2 The importance of the data reduction

Although we are looking for improvement solutions that directly attack the data reduction technique performed at the edge layer of the IoT technology, it is important to present the state-of-the-art and development trends of it. First, in this section, we present an interesting survey comparison in Table 1 highlighting some observations of the researches when dealing with the data reduction approach. Next, we present and discuss research studies that employ data reduction in specific contexts as part of its solution. In such a case, these studies are not focused directly on improving the data reduction technique field, instead, they focus on different contextualized research fields areas (e.g., data analysis, data management, network traffic reduction, power consumption, etc). However, the importance of presenting such studies enforces the need to keep improving data reduction techniques, which are used as a preprocessing tool in a wide variety of domains.

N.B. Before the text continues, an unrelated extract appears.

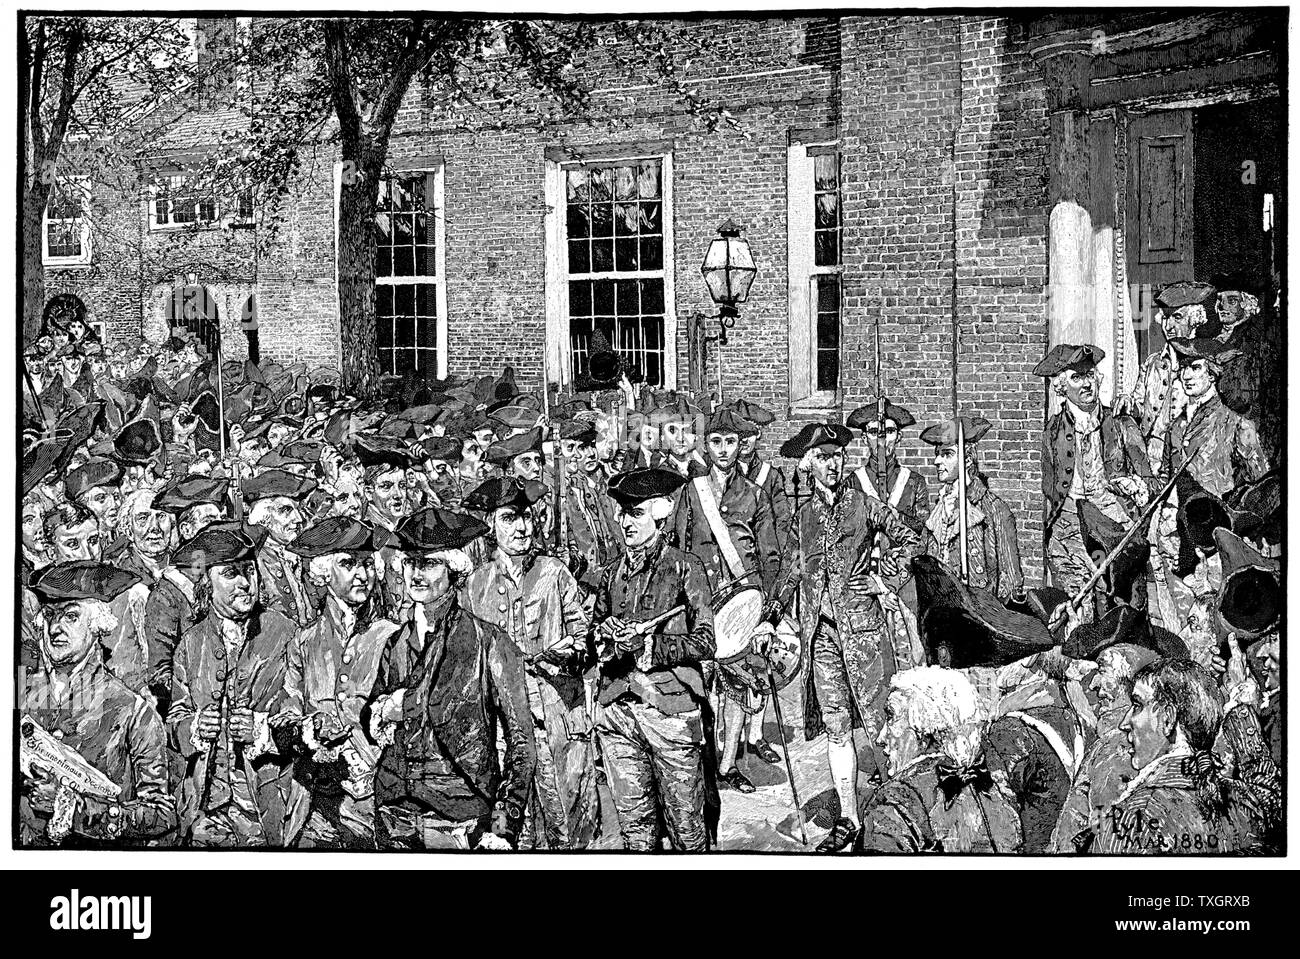 First Public Reading of the Declaration of Independence.  Passed by Congress in Philadelphia, 2 July, 1776, adopted on 4 July.  Engraving from 'Harper's Weekly', 1880. Engraving Stock Photo

Our systematic mapping of the literature is needed because it condenses the researchers that implement the data reduction solutions at the edge layer of IoT systems as the first goal of the study. To the best of our knowledge, there is no research in this specific area that evaluates data reduction methods in IoT systems considering the edge layer. We present now the majority of observations about interesting research survey studies found in the literature, which consider perspectives regarding the data reduction technique. These published surveys are presented in Table 1. An interesting observation regarding all studies, except ours, is that they do not were built considering an auditable and consolidated systematic guideline. The usage of this approach contributes to the quality of the study, proposing to the readers the possibility to verify and check the presented results.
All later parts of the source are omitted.